Alaska lowers oil price forecast, expects deficit

ANCHORAGE, Alaska (Reuters) - Alaska revenue officials said on Tuesday they have lowered their expectations for North Slope crude oil prices and are expecting a much bigger budget deficit than earlier estimated.

Prices for Alaska North Slope crude are expected to average $63.28 a barrel for the current fiscal year, according to the new forecast released by the state Department of Revenue. That is a substantial decrease from the $77.66-a-barrel average price that the department forecast in December.

The revised forecast combines expected oil prices of roughly $40 a barrel over the second half of the fiscal year with the extremely high prices experienced several months ago.
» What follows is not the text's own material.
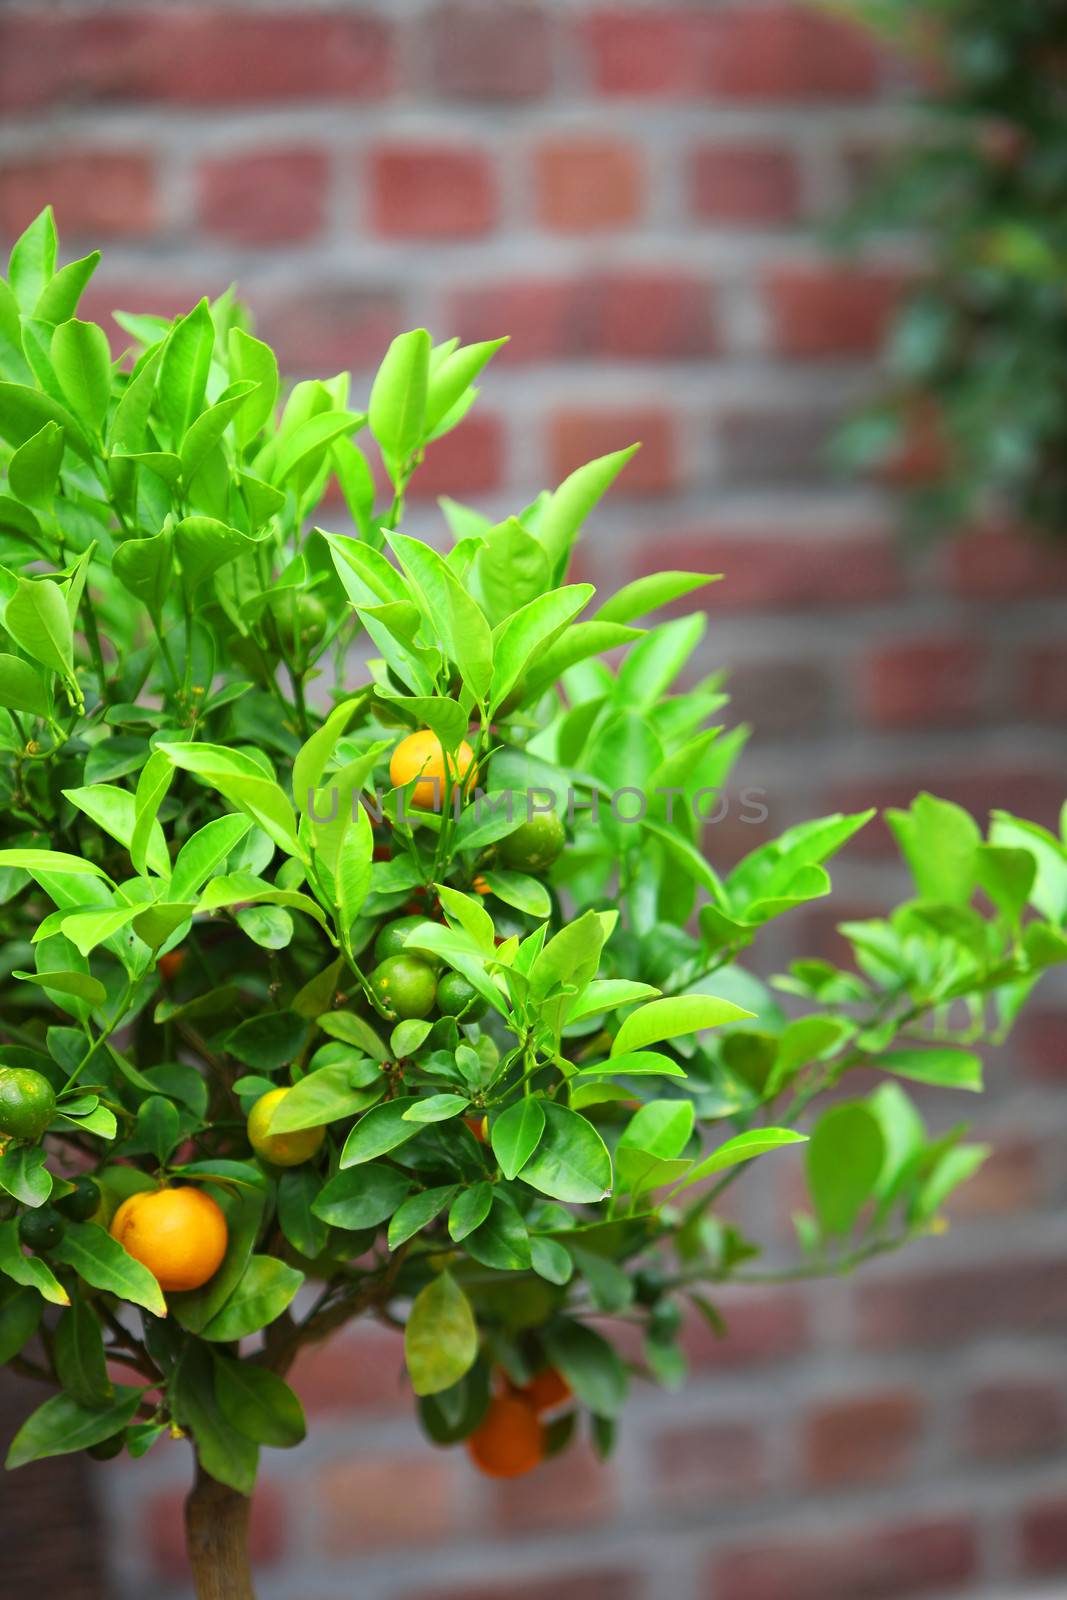 Small oranges growing on a tree by Farina6000

Prices for North Slope crude peaked in July at $144 a barrel. Alaska’s fiscal year ends June 30.

Production for the current fiscal year is expected to average 686,000 barrels a day, according to the new forecast. That is 3,000 barrels a day less than what was predicted in December.
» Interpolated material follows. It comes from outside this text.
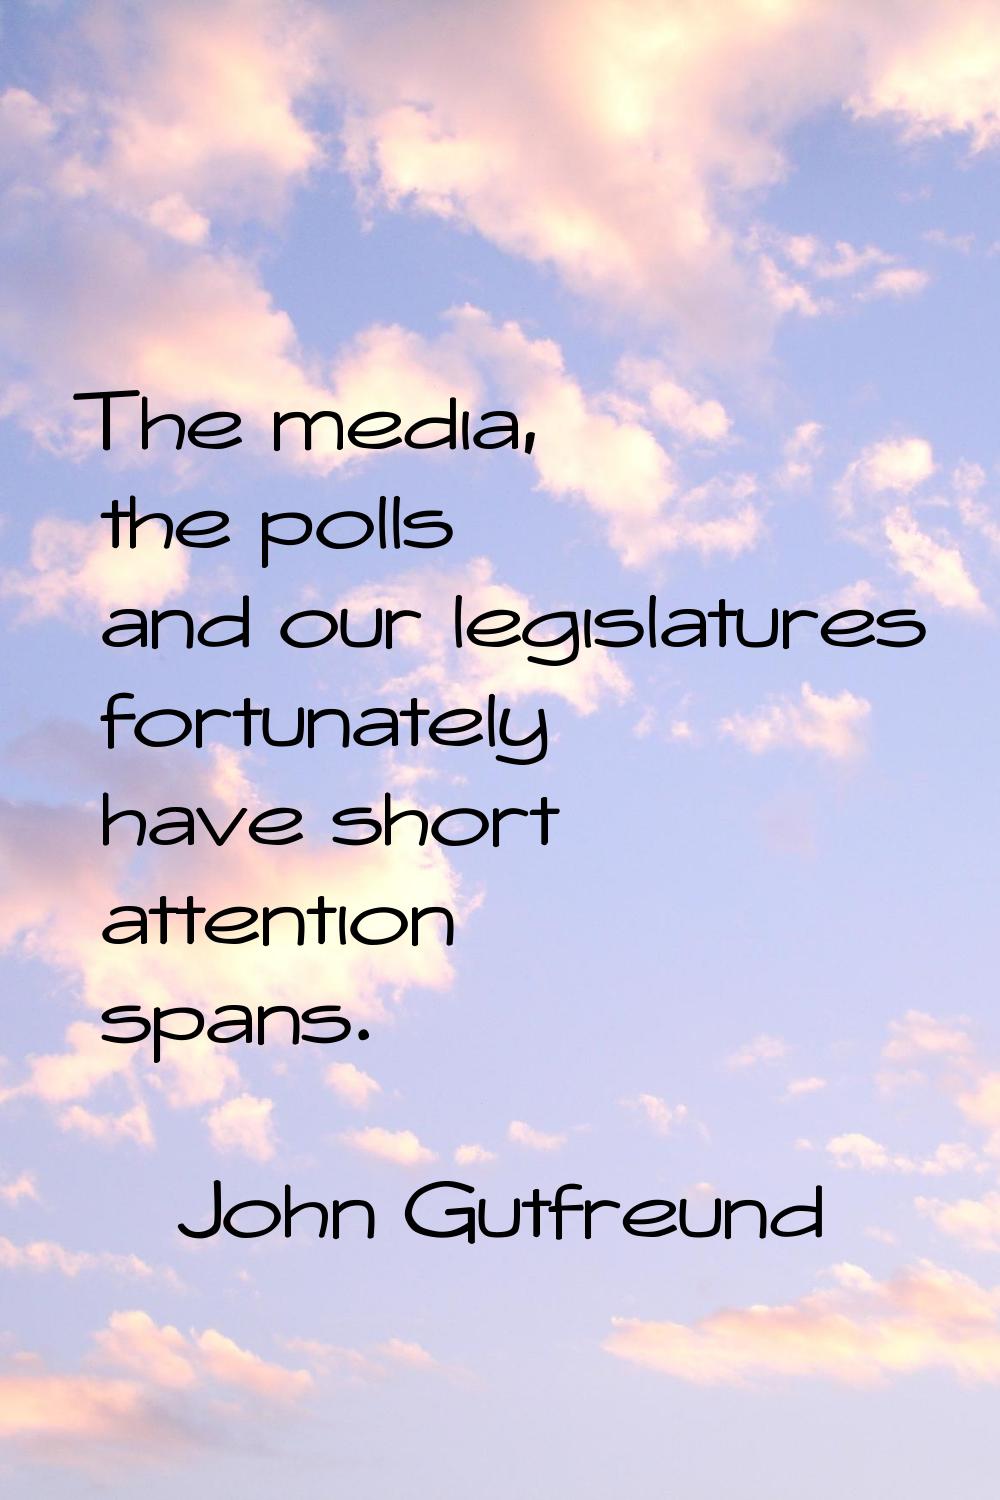 The media, the polls and our legislatures fortunately have short attention spans.

With oil revenues accounting for nearly 90 percent of state general revenue, the new oil price forecast translates to a significant drop in money expected to flow into the treasury.

The budget deficit that was expected in December to amass to $450 million by the end of the fiscal year is now expected to be $1.2 billion more than that, Department of Revenue officials said.

In a statement, Gov. Sarah Palin said she plans $286.6 million in spending reductions in response to the drop in the price of oil but that legislators will probably have to authorize the spending of well over $1 billion in savings to make the current year’s budget balance.

“The more we reduce now, the less we will have to draw from savings at the end of the year,” Palin said in her statement. “With the drop in oil prices, it will require reductions in the budget and access to reserves to keep Alaskans employed and the economy moving.”

The current fiscal year’s budget authorized about $6 billion in spending, plus $1.17 billion that was allocated to various savings funds, for a total of $7.17 billion, the Republican governor said.

Legislative leaders, at a news conference in the state capitol in Juneau, said the expected $1.65 budget shortfall is serious and that the problem will get worse in fiscal 2010. But they said price volatility is a reason they socked money away in savings accounts when they could.

“When we have more money on the table we don’t go and bloat up government. And the revenue stream is a rollercoaster. In the years that we have surpluses, we put it aside. In the years that we don’t, we need to tighten our belts,” Sen. Lyman Hoffman, a Democrat, co-chairman of the Senate Finance Committee, said at the news conference.

“At this stage, I don’t think there that would be any major reductions in the operating budget, but use the revenues that we’ve set aside to level things out. The state operating budget should not be an up-and-down situation depending on what the price of oil is,” Hoffman said.

“We can’t overreact and slash and burn the operating account, or we’ll push the state into a recession,” said Sen. Bert Stedman, a Republican, Hoffman’s co-chairman at the finance committee.